We have DS 4yr and DD 1yr.

He's got a different sexual appetite to me.
He wants do more adventurous stuff - anal where I do stuff to him - quite in-depth.

I'll be honest I hate it. I've told him this and he just calls me selfish. He does everything to please me. This is his decision and I never pressure him into doing it. He enjoys it.

I just feel so pressured into doing something I've tried but I'm not keen on or comfortable doing. I dread him asking me. I feel like he's annoyed and moody if I don't do it. It makes me feel shit and not want to have sex with him at all.

Can someone give me advice on this?!
AIBU?!

It sounds like pegging, it’s something that men can enjoy as it can stimulate the prostate.

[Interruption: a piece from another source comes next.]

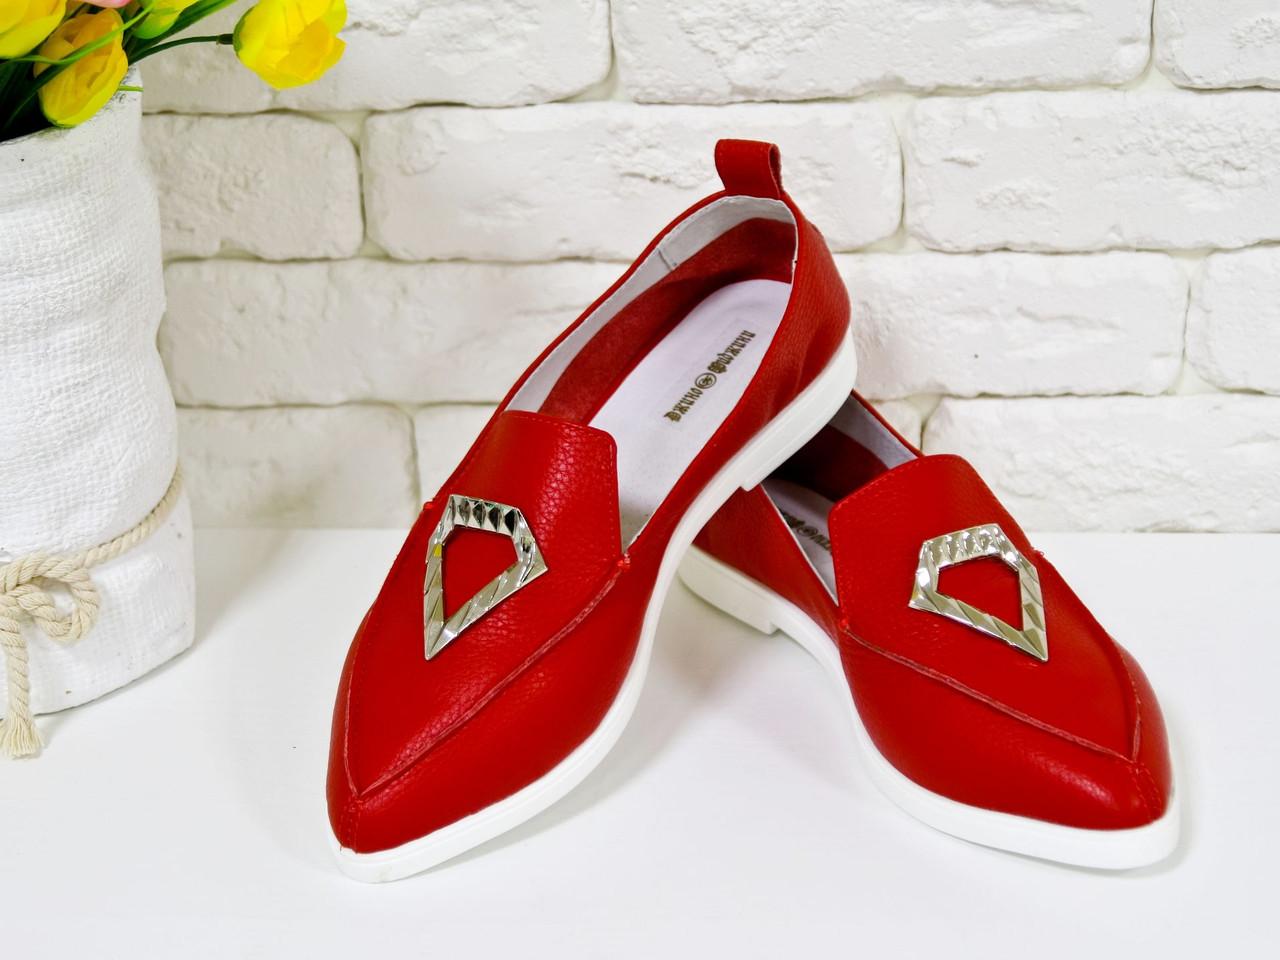 Купить туфли красного цвета в интернет магазине

www.insider.com/cara-delevingne-met-gala-vest-peg-the-patriarchy-2021-9

certainly it is the case that both of you need to be on the same page with this, doesn’t sound you are even reading from the same book right now

Watchkeys · 29/10/2022 20:54

So, hang on... re your desires, he does things he enjoys, and re his desires, he wants things he enjoys. Is that right?

And when you say no, he disrespects you?

Horrible. OP, all you need is the word 'no'. Sex isn't transactional. Whatever he did for you, doesn't mean you 'owe' him. If you don't want it, you don't do it. That's the full story, and if anyone tries to make it more complicated, especially for their own gains, stay away from them.

He turns you off because you have good boundaries. Heed them.

SittingCat · 30/10/2022 07:09

MMmomDD · 29/10/2022 15:21

This isn’t going to get better. So - not sure there is a solution that would keep you together. You aren’t going to suddenly like it, and he isn’t going to stop wanting it.

Were his sexual preferences not known to you before you married and had kids with him?

You certainly shouldn’t be having sex you don’t enjoy to appease him to keep him around. The only choices I see is divorcing, or opening up the marriage.

This is a good response.

The answer is not to tell him no and then demand that his desires cease. That's just as bad as him demanding your desires change.